> _Materials provided_

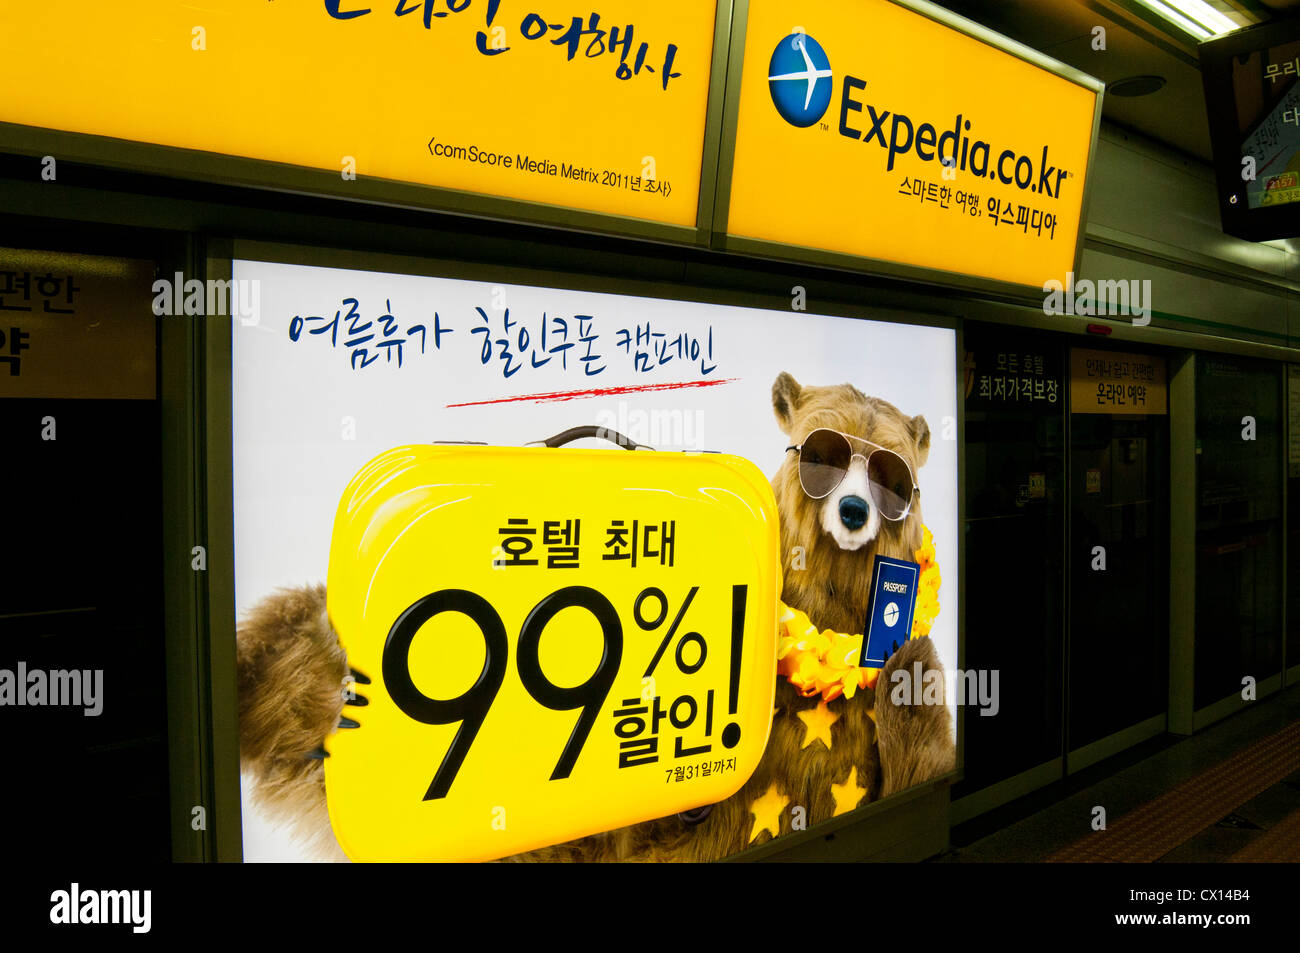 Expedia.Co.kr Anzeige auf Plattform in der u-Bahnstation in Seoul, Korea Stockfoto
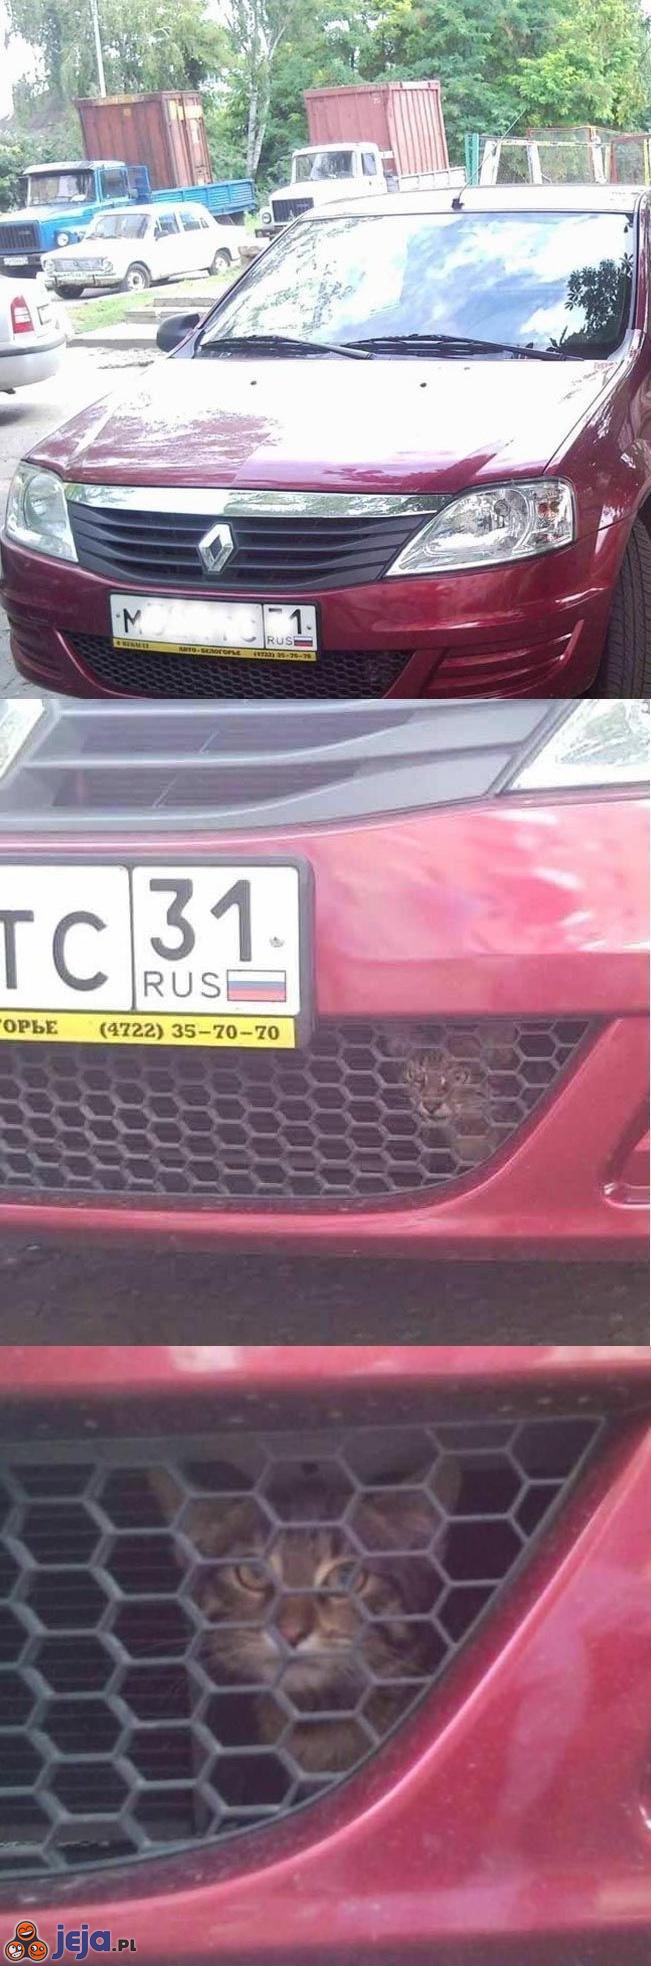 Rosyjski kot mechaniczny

...

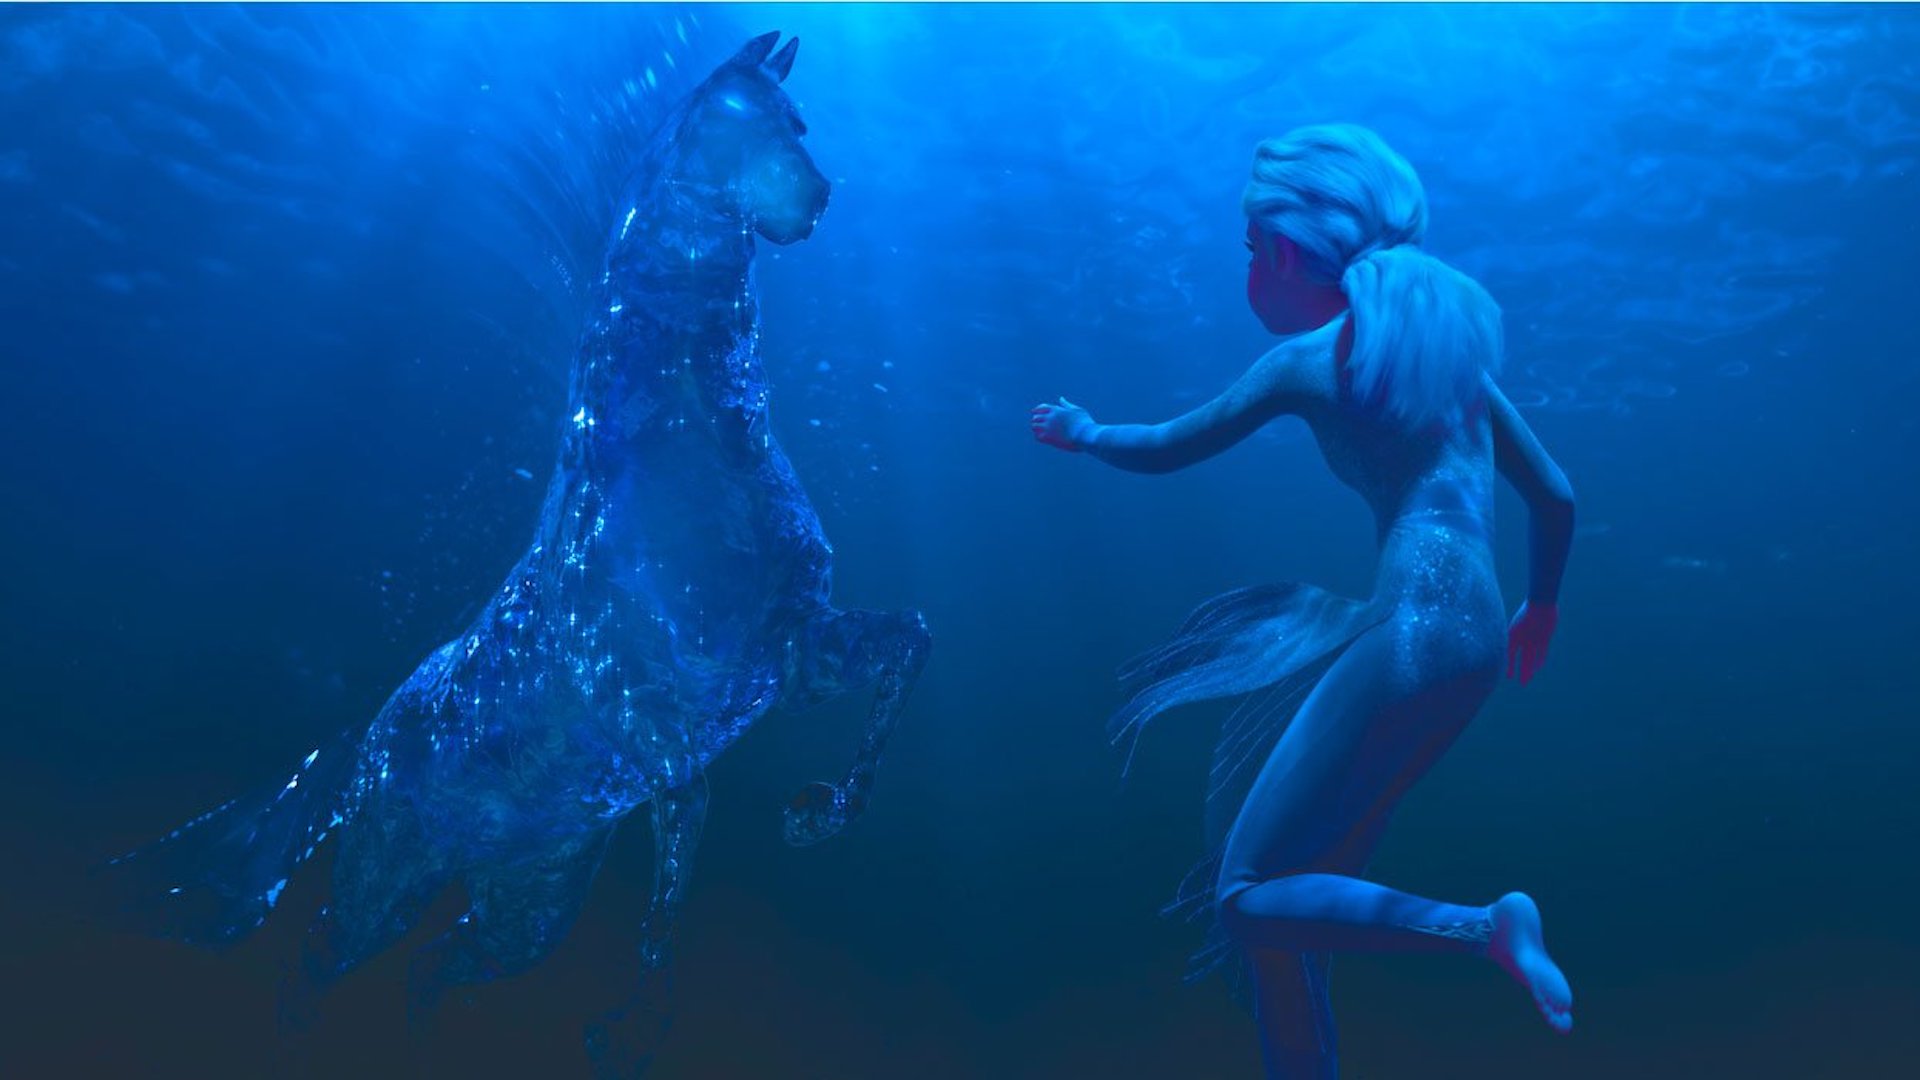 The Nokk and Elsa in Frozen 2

* * *

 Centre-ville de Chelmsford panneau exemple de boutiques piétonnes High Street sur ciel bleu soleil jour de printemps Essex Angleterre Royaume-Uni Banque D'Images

> _What you have to do_
Write back word for word every line in the entries above from the one with "Expedia.Co.kr Anzeige auf" to the one with "Rosyjski kot mechaniczny", ends included, and none of the pictures.

> _Answer_
 Expedia.Co.kr Anzeige auf Plattform in der u-Bahnstation in Seoul, Korea Stockfoto
 Rosyjski kot mechaniczny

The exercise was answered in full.